A. Design of the multicenter NABTC 04-01 biomarker trial for patients with recurrent GBM. GBM patients requiring tumor resection for recurrent disease received preoperative lapatinib (750mg p.o. BID). Lapatinib concentrations in tumor tissue and EGFR phosphorylation were assessed in surgical specimens. See Suppl. Information for details. B. Intratumoral lapatinib concentrations in GBM are below lapatinib concentrations required to induce cell death in EGFR mutant GBM cells (red line, 1.5µM). C. Incomplete inhibition of EGFR phosphorylation in GBM tumor tissue by lapatinib. Shown are levels of total EGFR (x-axis) and phosphorylated EGFR (y-axis) in tumors from GBM patients who received preoperative lapatinib (red diamonds) versus tumors from GBM patients who did not receive any EGFR kinase inhibitor prior to surgery (empty circles). Levels of tEGFR phosphorylation and total levels were measured concurrently with a multi-array immunoassay using electrochemiluminescence detection (see top panel). D. EGFR expression in GBMs from patients enrolled in the NABTC 04-01 study. Shown are immunoblots of tumor lysates probed with EGFR or a loading control. Full length (FL) and truncated EGFRvIII (vIII) mutant forms of EGFR are indicated by arrows. E. Incomplete EGFR inhibition in GBM tumor tissue by lapatinib. Shown are immunoblots of EGFR overexpressing GBMs on the NABTC 04-01 study (labeled “LAPATINIB”) versus tumors from GBM patients who did not receive an EGFR kinase inhibitor prior to surgery (“CONTROL”). Total levels of EGFR and EGFR tyrosine phosphorylation were analyzed by immunoblot. Total Erk levels were also examined as a loading control.

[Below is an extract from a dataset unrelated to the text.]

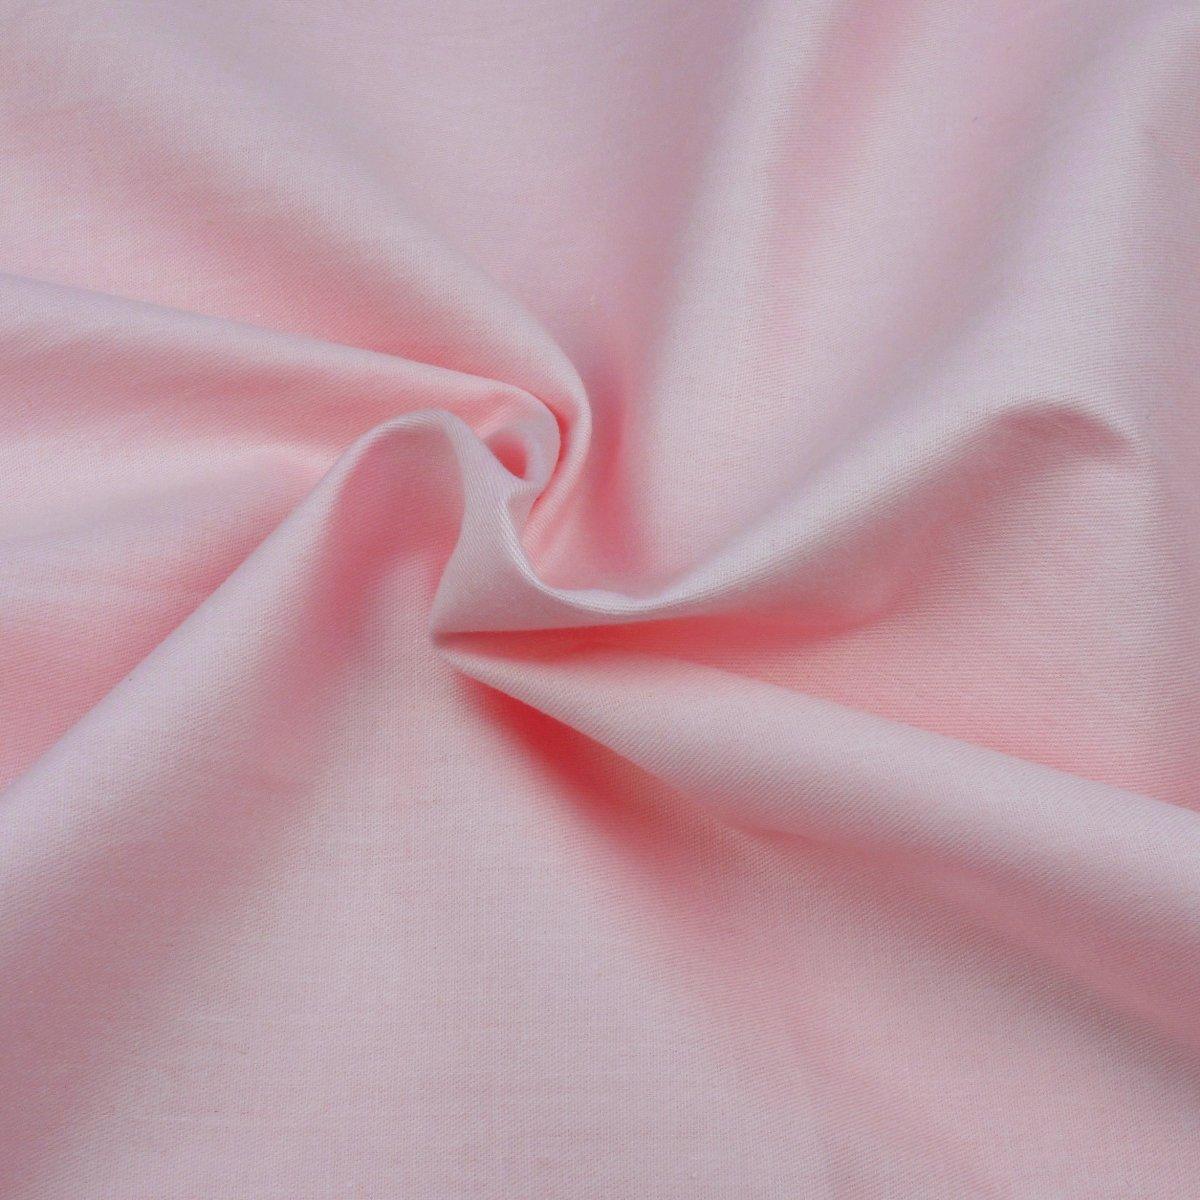 100% puro algodón rosa láminas de tejido sólido Plain colores, 160 cm extra de ancho – se vende por metro: Amazon.es: Hogar

FIGURE 6. Level of EGFR inhibition determines cell death response in EGFR mutant GBM cells

A. Lapatinib induces cell death in SF268 GBM cells (A289V EGFR) at concentrations above 1.5µM. Cell death was assessed 5 days after treatment by trypan blue exclusion. Similar results are shown in Suppl. Figure 7A for SKMG3 cells (A289D-EGFR) and in KNS-81-FD cells (G598V-EGFR)(Suppl. Figure 7B). B. Cell death induction in SF268 GBM cells (A289V EGFR) requires near complete EGFR inactivation. SF268 cells were acutely transduced with a dilution series of a lentiviral EGFR-targeted shRNA (dilution factor is indicated in parenthesis) or with a control shRNA (empty vector). A fraction of the cells from each infection was used for immunoblot analysis with the indicated antibodies (left panel). The remaining cells were re-seeded and allowed to grow for 5 days post-infection. The fold number of viable cells (relative to day 1) and fraction of dead cells are shown in the middle and right panel, respectively. Similar results were obtained in SKMG3 GBM cells (Suppl. Figure 8). C. Lapatinib inhibits anchorage-independent growth of EGFR amplified (GS676, GS596, GS600), but not PDGFRA amplified, GBM tumor sphere cultures. Anchorage independent growth of four freshly derived GBM tumor sphere cultures was assessed in soft agar in the presence of the indicated concentrations of lapatinib. See also Suppl. Figure 9. D. Pulsatile lapatinib dosing (1000 mpk every 5 days) is superior to daily lapatinib dosing (200 mpk qd) in inducing growth inhibition and cell death induction in EGFR amplified GS676 GBM tumor sphere lines. GS676 cells were injected subcutaneously into SCID mice and treatment initiated at the indicated lapatinib dosing schedules after tumors were established. Tumor volumes (left panel) were evaluated at the end of treatment by caliper measurements. The right panel shows quantification of cleaved Caspase3 staining in tumor sections from the indicated cohorts, i.e. vehicle, 200mg/kg lapatinib, and 1000mg/kg lapatinib. IHC images are shown in Suppl. Figure 10.